A en croire par les différentes déclarations, cette annonce a soulevé un enthousiasme mesuré dans la communauté congolaise en général, et particulièrement dans celle originaire de la région dite du Grand Kasaï.
L’histoire récente de cette société minière (MIBA, NDLR) est ponctuée « d’injections » d’argent à coups de déclarations sensationnelles qui ont fait rêver ses travailleurs, mais dont le résultat a surtout été l’alourdissement de son endettement sans qu’il y ait un véritable souffle nouveau pour relancer la production à un niveau acceptable.
Citons sans exhaustivité les cas du contrat EMAXON (contrat de prêt de 15 millions USD en avril 2003), les prêts de l’Etat congolais dont les dix millions de 2011-2012, le prêt de 5 millions USD de la Gécamines en 2018, et l’arrivée providentielle de Saint-Louis BGM (2019) avec sa promesse d’injecter « 22 milliards » USD dans divers projets au Kasaï.
Toute personne soucieuse de voir la MIBA redécoller ne peut que se réjouir à l’idée d’un investissement aussi important que celui de 200 millions annoncé récemment pour cette société par le ministère du Portefeuille. Le public échaudé par les échecs précédents doit cependant rester attentif aux détails de ce contrat afin de d’assurer qu’il soit réaliste, et qu’il aille vraiment dans le sens de la relance de la société pour l’intérêt des travailleurs et de la population. En effet, les grandes villes du Kasaï comme Mbujimayi et Kananga sont aujourd’hui dans un état tel qu’il ne faut plus se permettre de faire des approximations.

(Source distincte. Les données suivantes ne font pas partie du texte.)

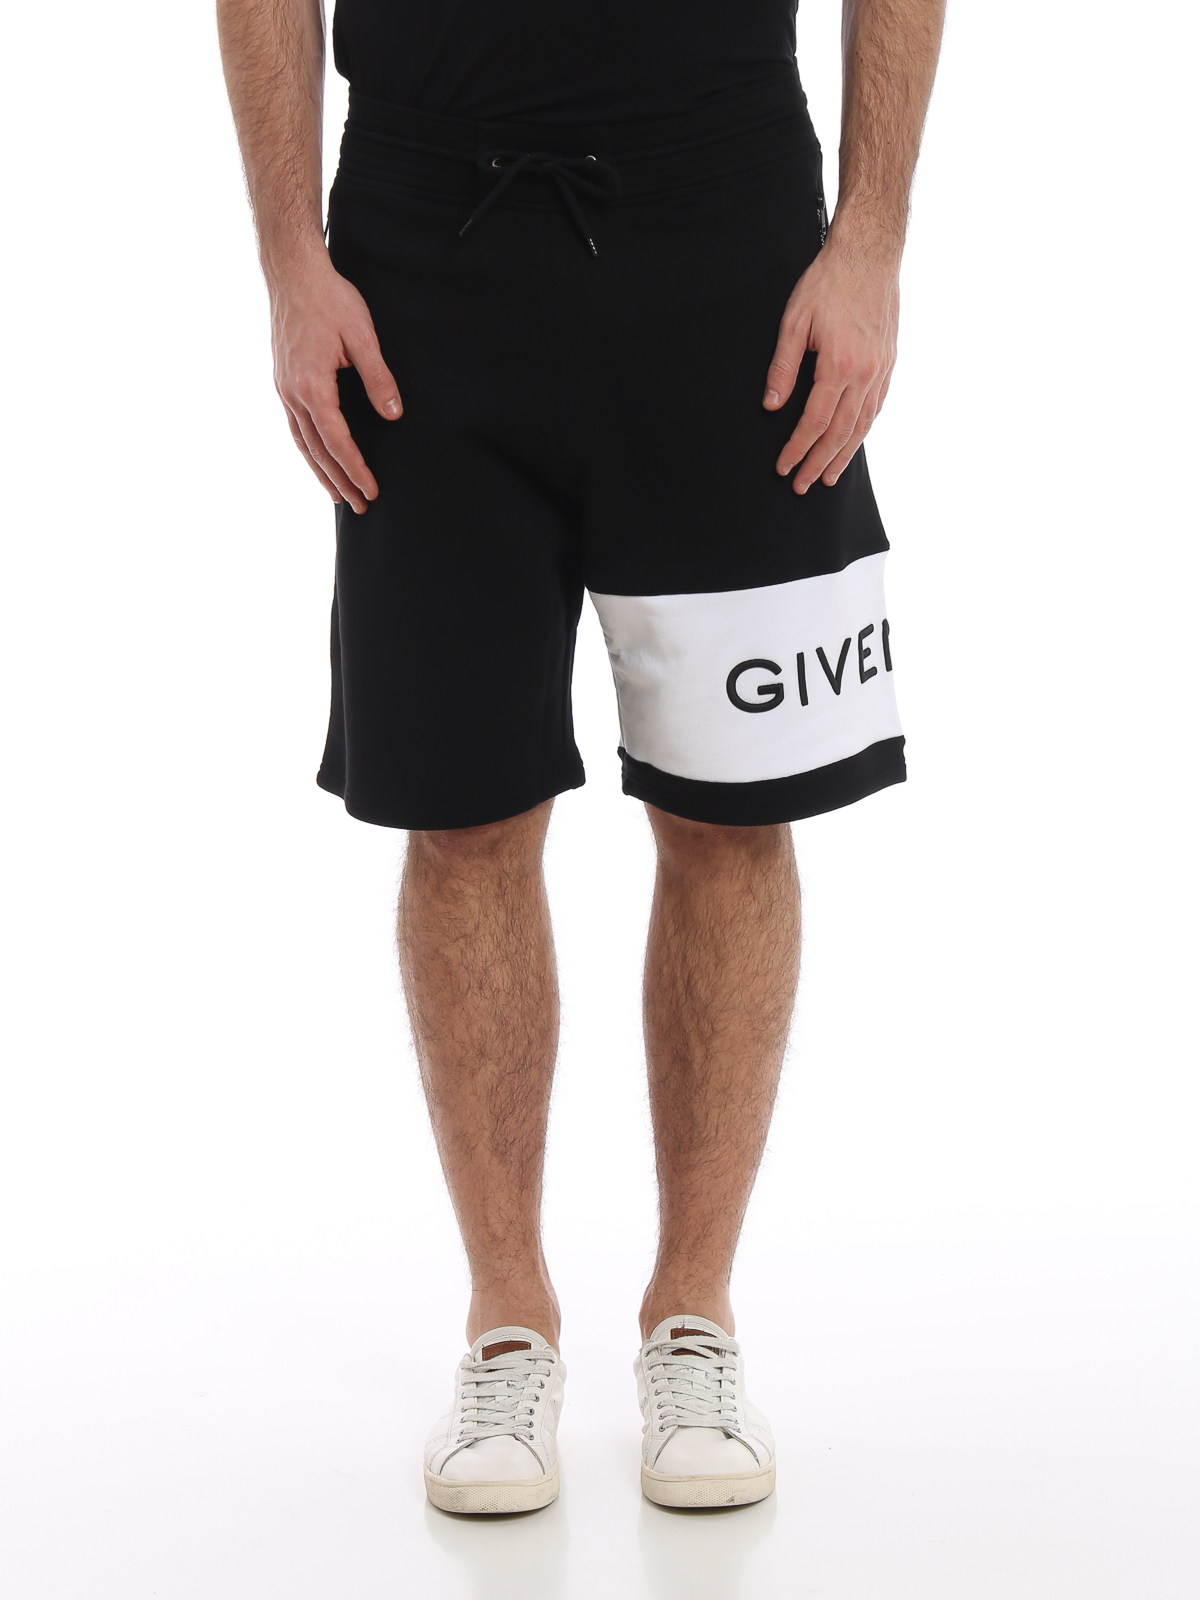 givenchy shorts

Nous nous sommes livrés à une analyse qui nous a amené à pointer quelques éléments, parmi d’autres, que nous listons dans la suite pour attirer l’attention :
- 1. La cession du Massif 1 du Polygone minier : les ressources diamantifères de la MIBA qui ont été explorées jusqu’en 2017 étaient évaluées aux environs de 120 millions de carats, y compris celles sur les rivières Mbujimayi et Sankuru (travail du CA MIBA sur la continuité de la Société). Parmi ces ressources, le Massif 1 représente près de la moitié et, en tous les cas, plus de 70% des ressources du Polygone. Le reste est constitué de petits massifs et de gisements détritiques fortement écrémés par les clandestins de toutes sortes, et dont on a du mal à obtenir la valeur résiduelle à date. Pour mémoire, on se rappellera la session de Tshibwa, le plus gros massif kimberlitique qui appartenait à la MIBA, aux zimbabwéens sans l’avis de la MIBA en 2000 et dont le contenu était évalué alors jusqu’aux environs de 200 millions de carats. Céder le Massif 1 aujourd’hui n’équivaut-il pas à vider le Polygone de Mbujimayi de sa substance et à liquider par le même fait la MIBA ? En effet, ce massif est rocheux et son contenu a été préservé car demandant des moyens industriels de production. Les autres gisements, notamment détritiques (collines et terrasses, lits des rivières), ont tellement fait et continuent à faire le bonheur des creuseurs et des pilleurs que leur exploitation industrielle future pose de vraies questions.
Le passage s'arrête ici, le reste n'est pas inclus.